:: Instructions to follow ::
Set down exactly the lines below, starting at the one that contains "Keyboard with Touch Response Casio CT-S400" and ending at the one that contains "Members of the", with both of those lines included and nothing else.
[[ Record set open ]]
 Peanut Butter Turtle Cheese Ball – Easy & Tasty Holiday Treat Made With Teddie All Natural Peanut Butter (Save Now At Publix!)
[[ Record set closed ]]
[[ Record set open ]]
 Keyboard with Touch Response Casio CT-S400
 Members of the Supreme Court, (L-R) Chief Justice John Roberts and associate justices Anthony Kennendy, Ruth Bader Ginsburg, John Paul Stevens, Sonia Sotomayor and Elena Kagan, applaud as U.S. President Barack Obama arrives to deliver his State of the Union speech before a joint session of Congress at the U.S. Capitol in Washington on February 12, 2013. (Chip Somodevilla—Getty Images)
[[ Record set closed ]]
[[ Record set open ]]
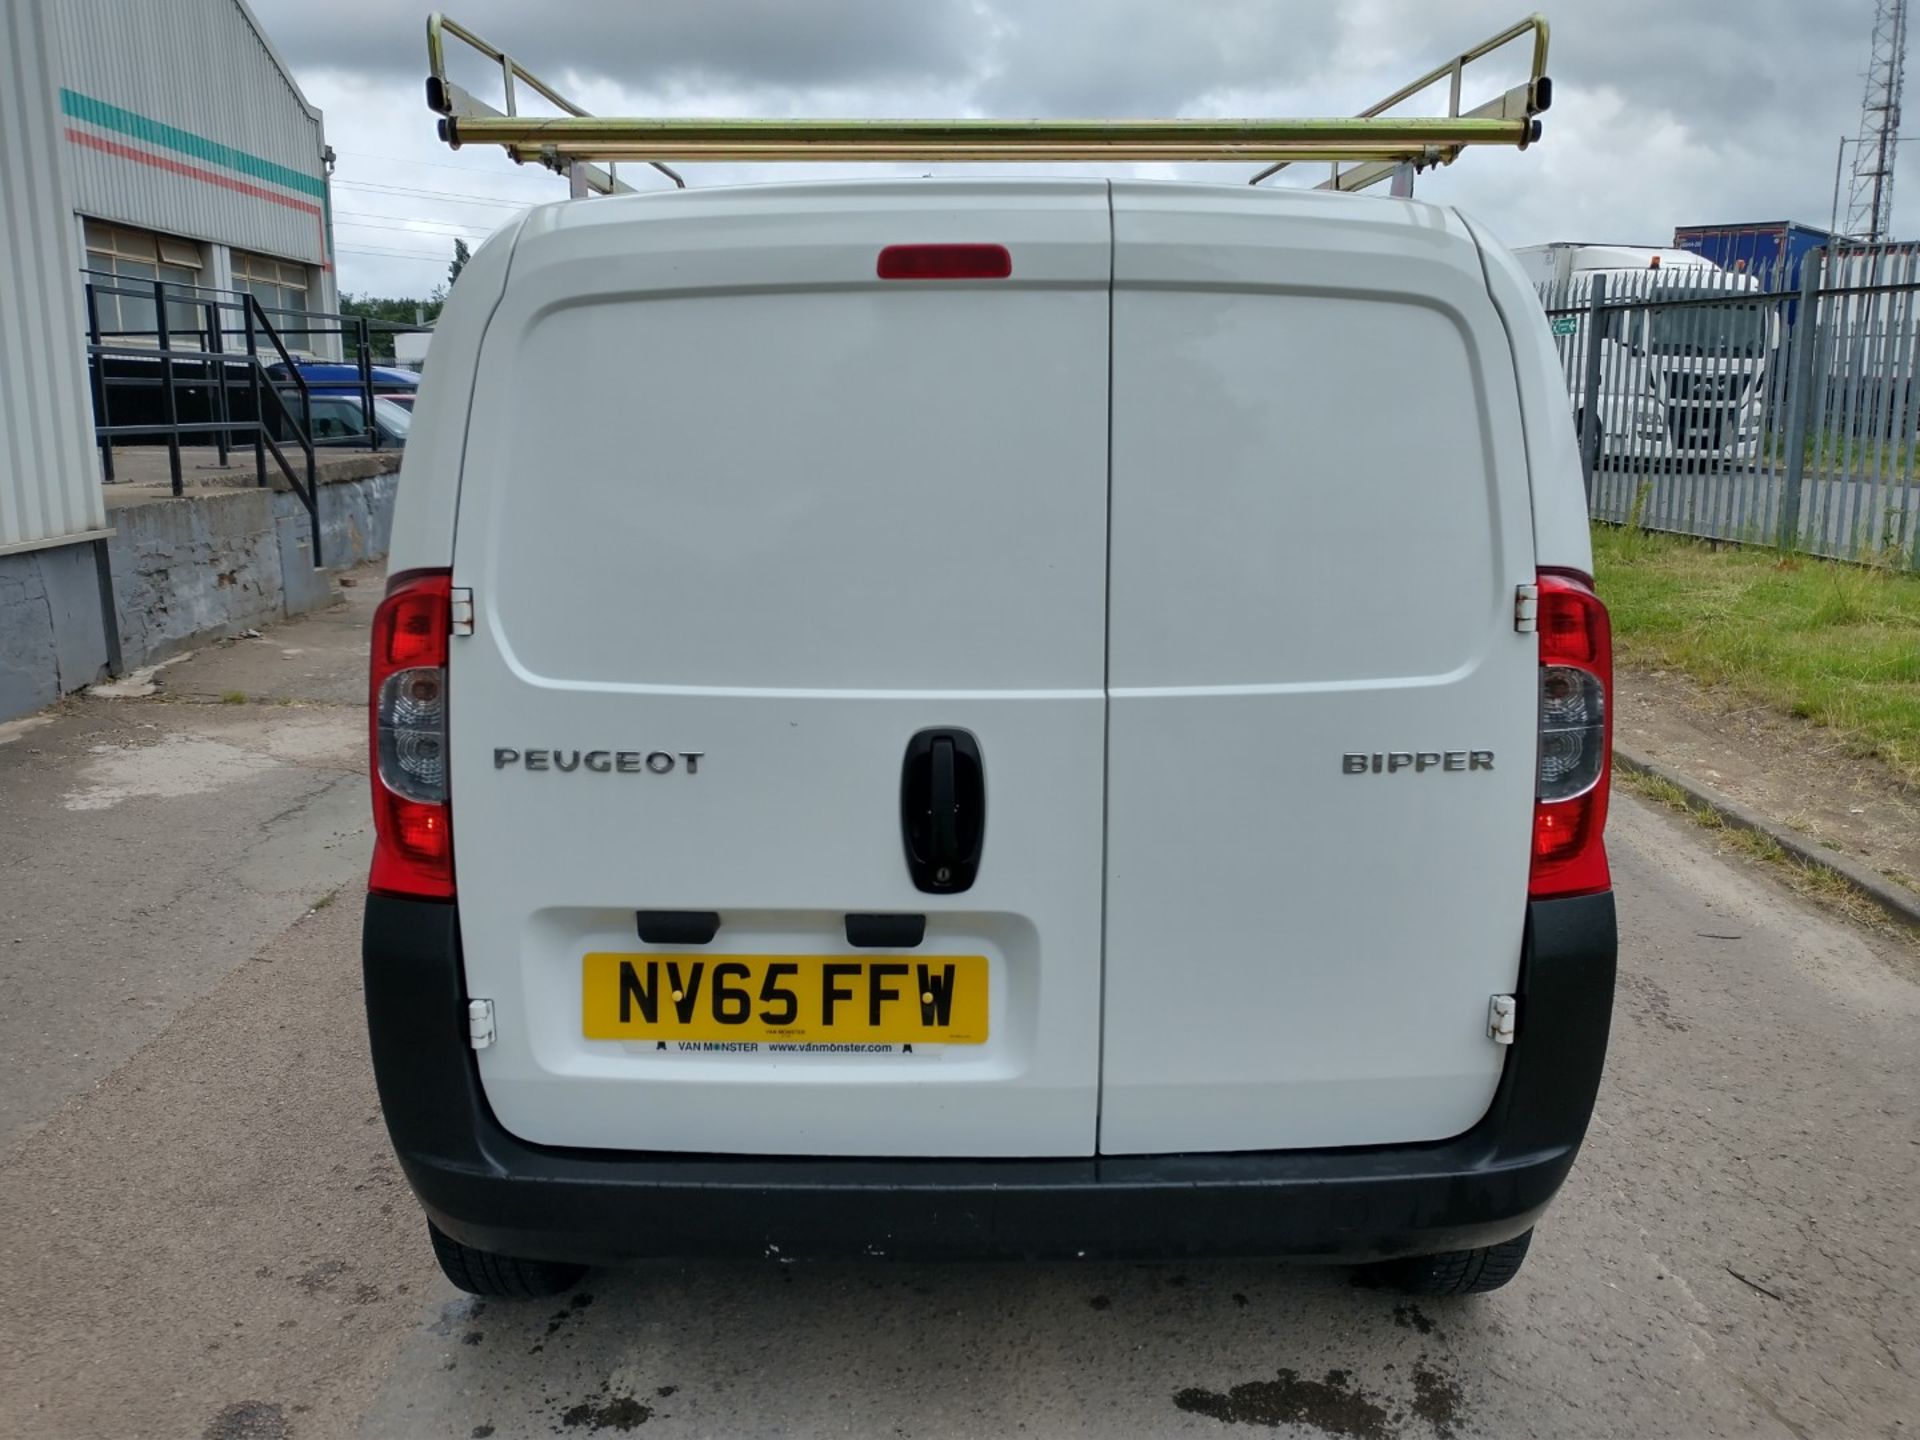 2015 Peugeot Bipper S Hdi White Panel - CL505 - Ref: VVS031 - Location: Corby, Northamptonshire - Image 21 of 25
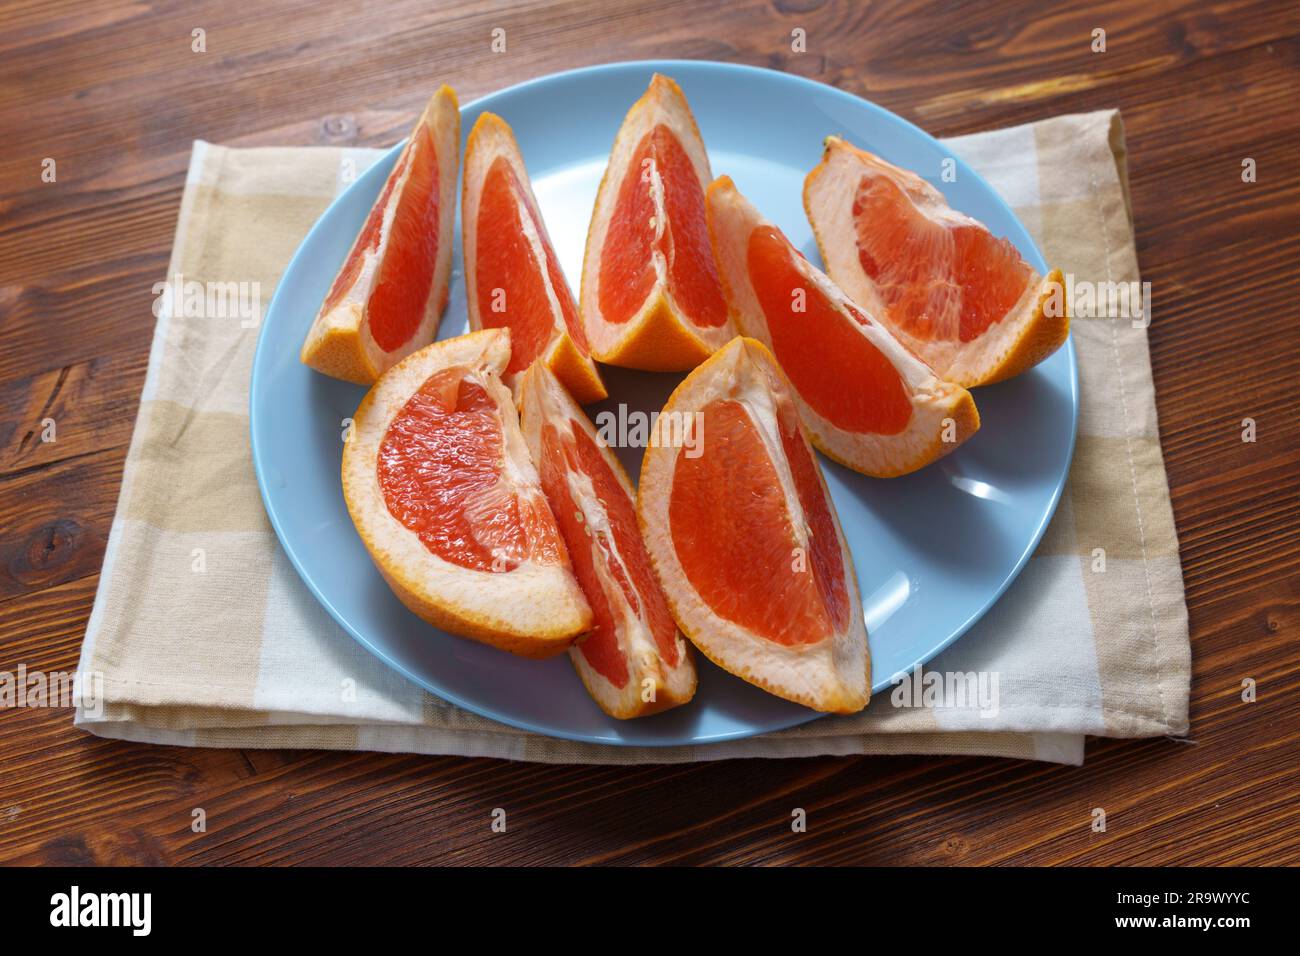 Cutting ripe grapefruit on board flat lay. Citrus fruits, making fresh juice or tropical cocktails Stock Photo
[[ Record set closed ]]
:: Solution to the exercise ::
 Keyboard with Touch Response Casio CT-S400
 Members of the Supreme Court, (L-R) Chief Justice John Roberts and associate justices Anthony Kennendy, Ruth Bader Ginsburg, John Paul Stevens, Sonia Sotomayor and Elena Kagan, applaud as U.S. President Barack Obama arrives to deliver his State of the Union speech before a joint session of Congress at the U.S. Capitol in Washington on February 12, 2013. (Chip Somodevilla—Getty Images)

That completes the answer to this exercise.